- [Assignment]: Exclude every picture. Output verbatim the lines from the one containing "Leather Jackets Hub" to the end of the data.

- [Given information]:
********************

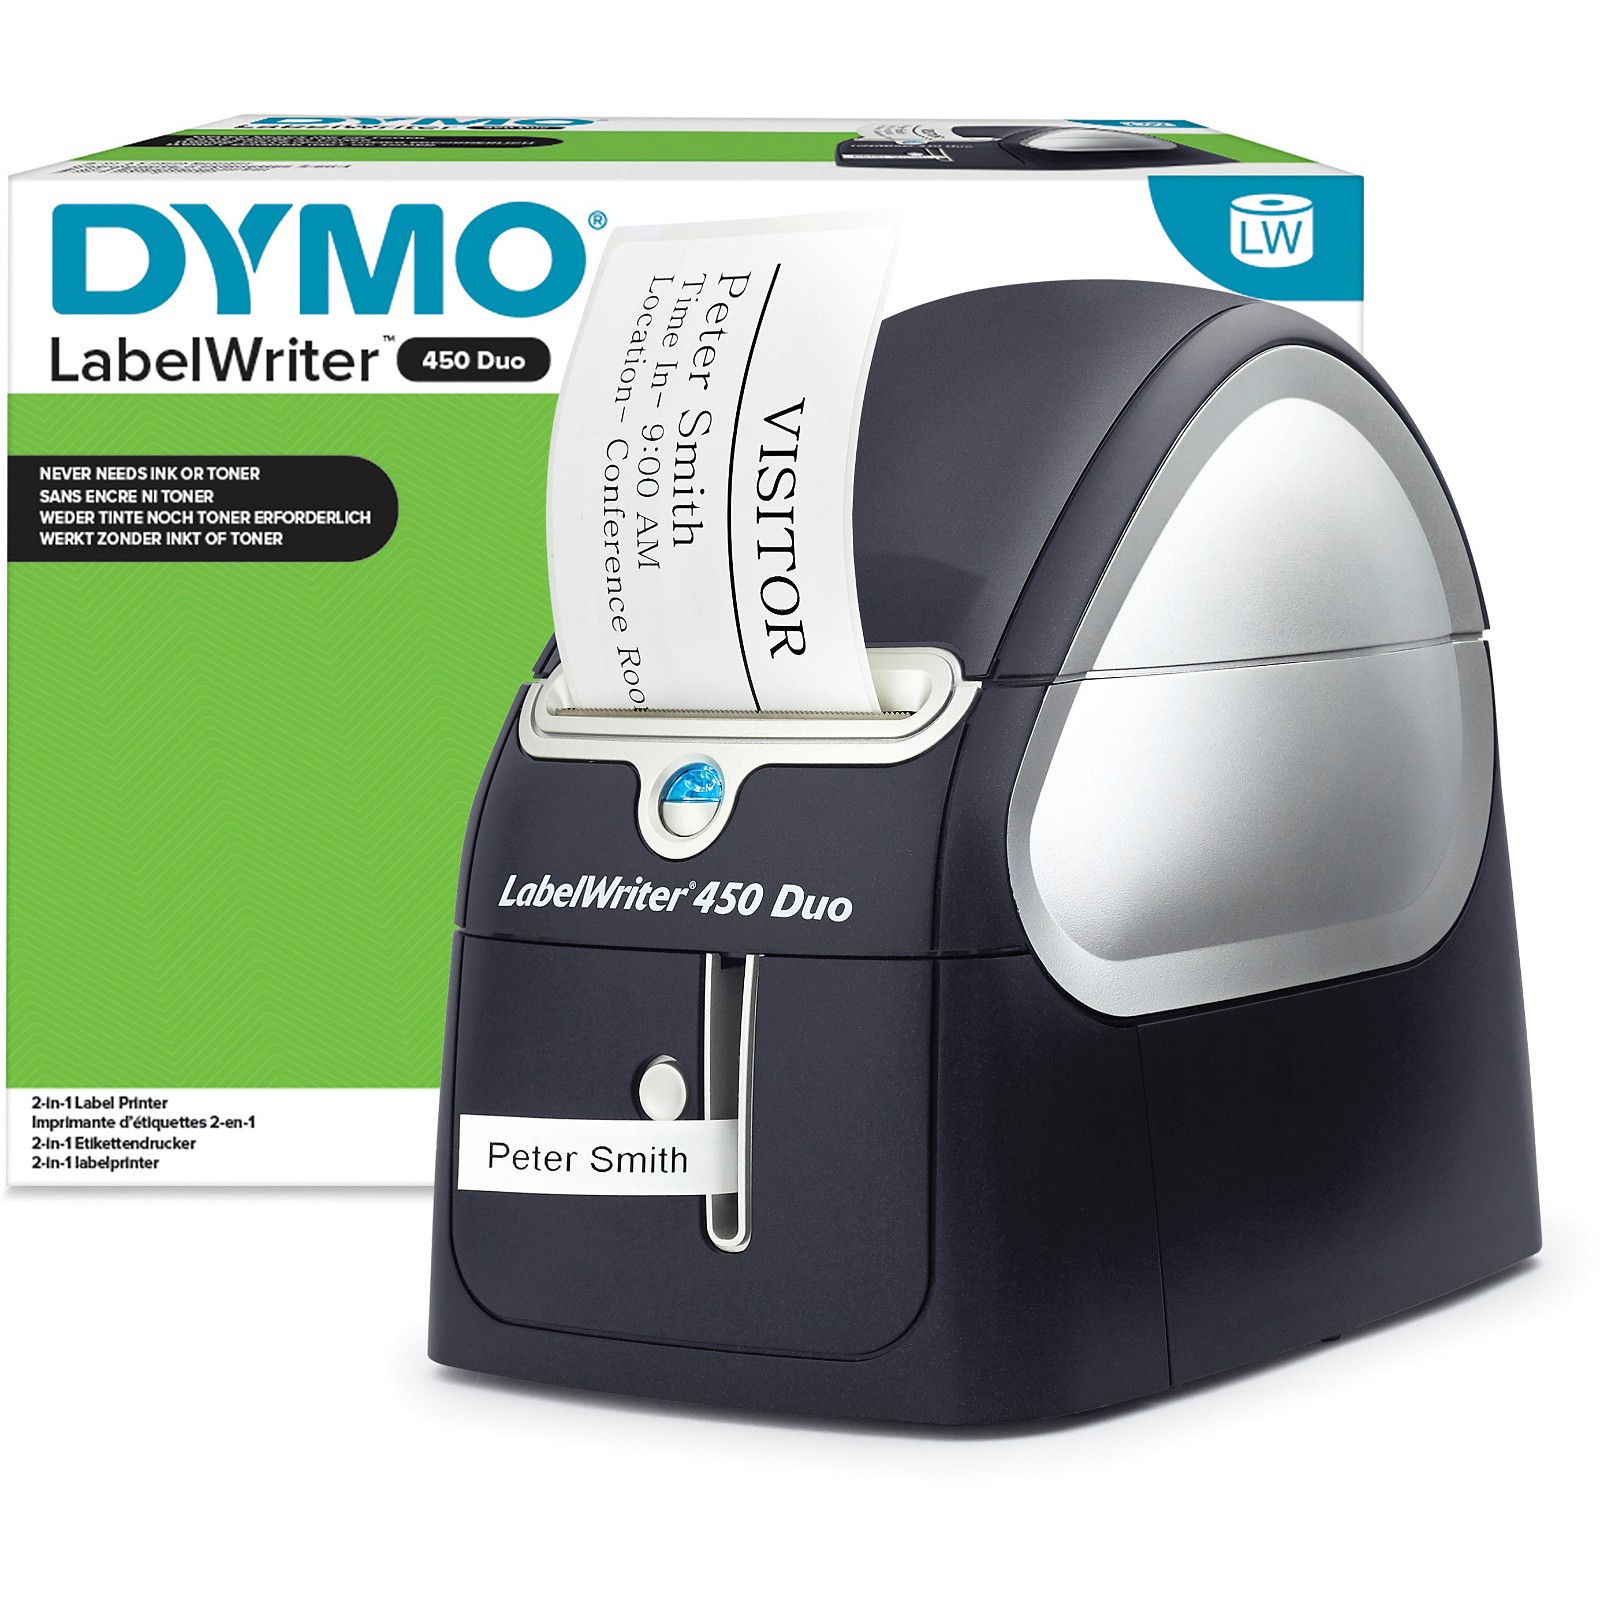 Dymo LabelWriter 450 Duo labelprinter
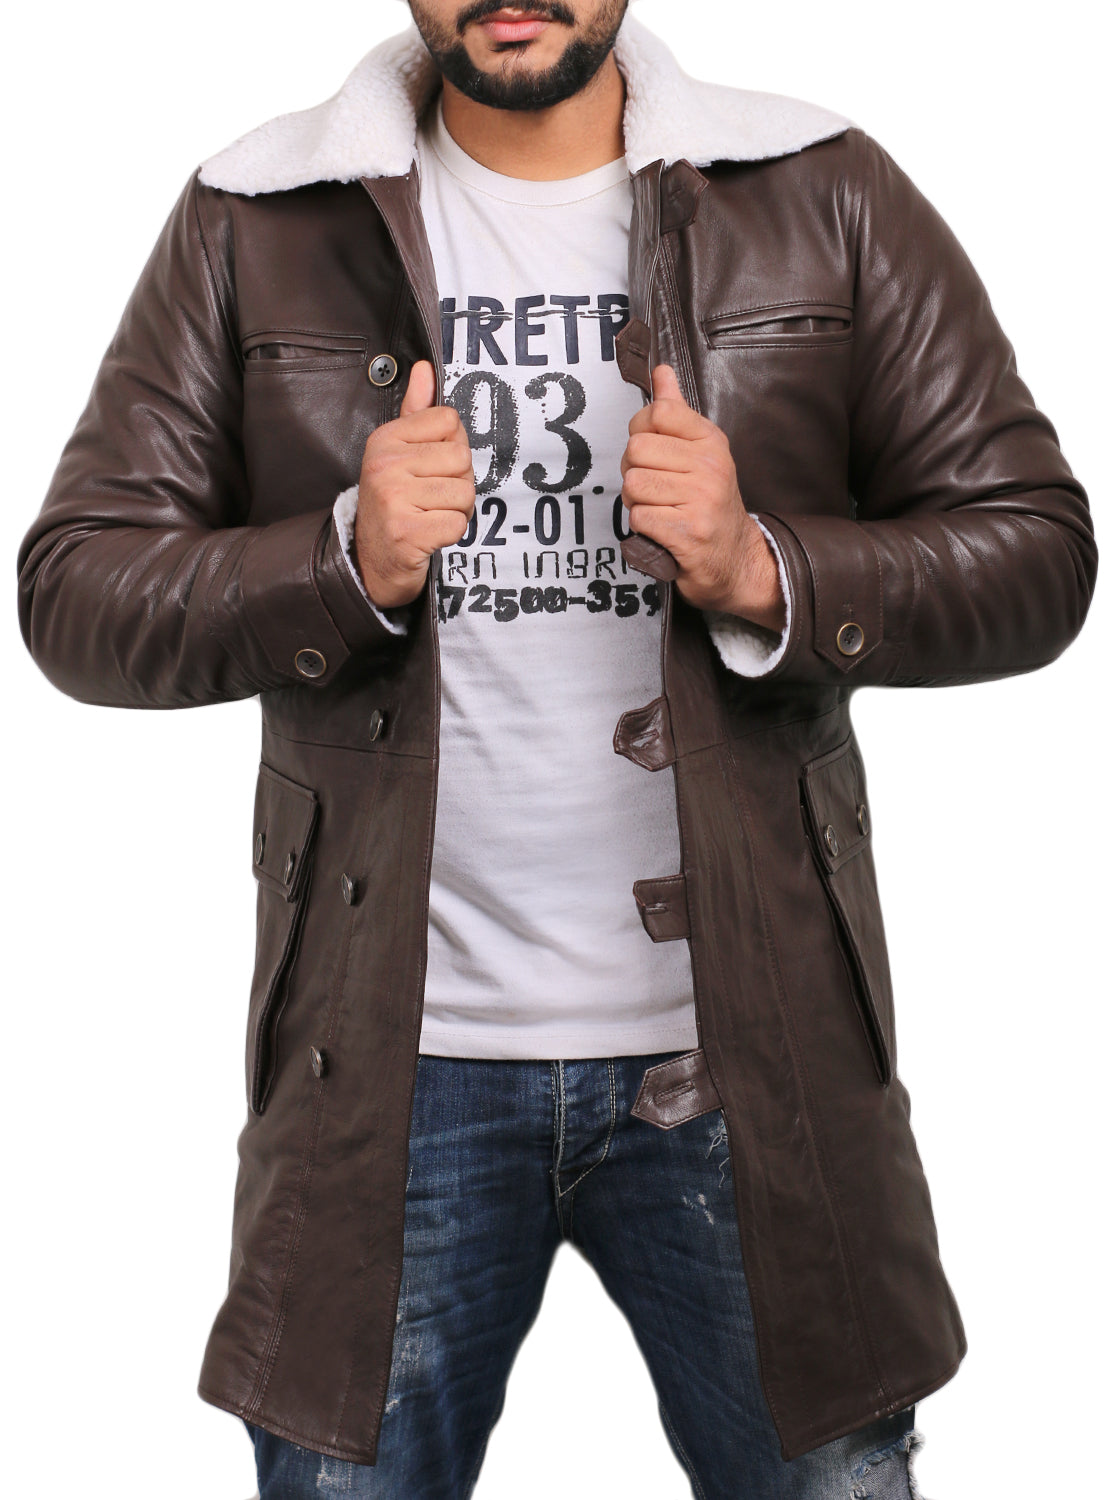 Leather Jackets Hub Mens Genuine Lambskin Leather Over Coat (Black, Shearling Coat) - 1502848
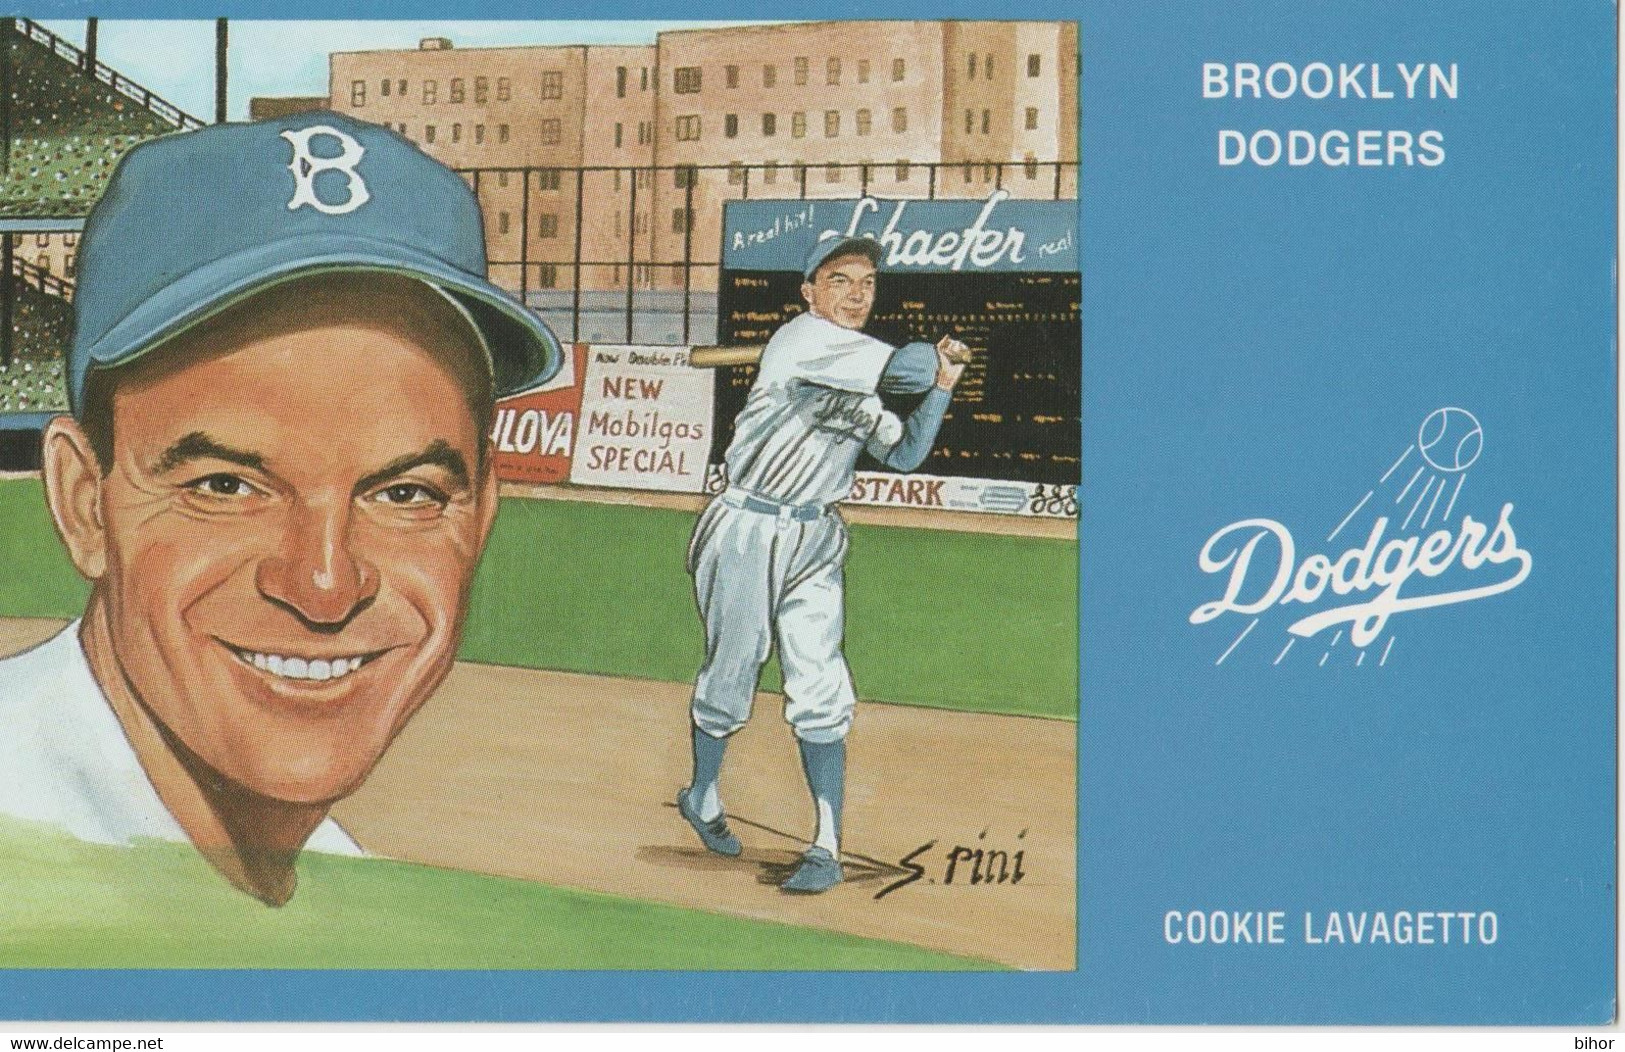 Cookie Lavagetto / Baseball - Brooklyn Dodgers / Illustrateur Susan Rini - Baseball
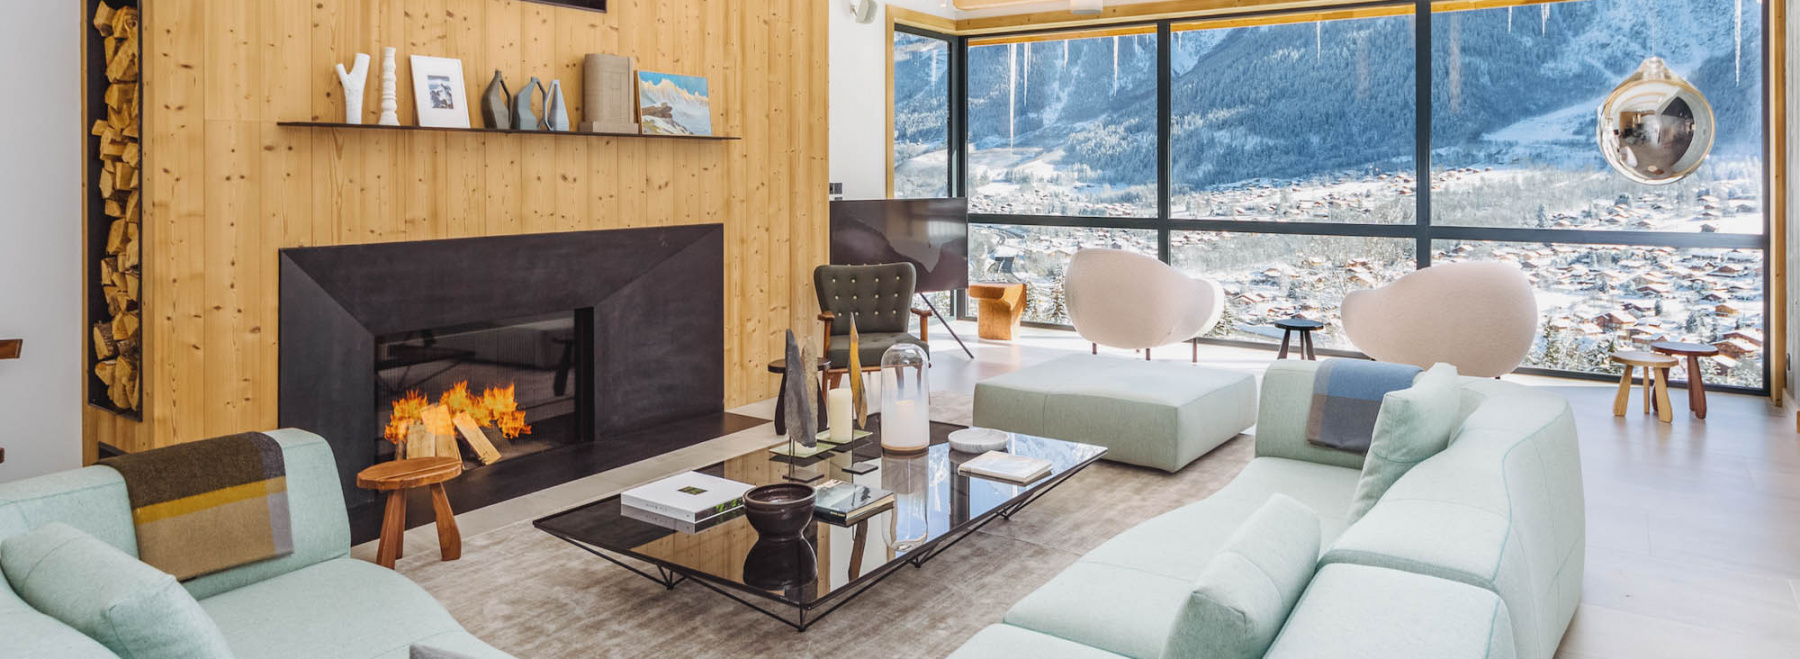 3-Chamonix-luxury-holiday-chalet-rental-living-area-CX1001.jpg

********************

- [Written answer]:
 Leather Jackets Hub Mens Genuine Lambskin Leather Over Coat (Black, Shearling Coat) - 1502848
 Cookie Lavagetto / Baseball - Brooklyn Dodgers / Illustrateur Susan Rini - Baseball
 3-Chamonix-luxury-holiday-chalet-rental-living-area-CX1001.jpg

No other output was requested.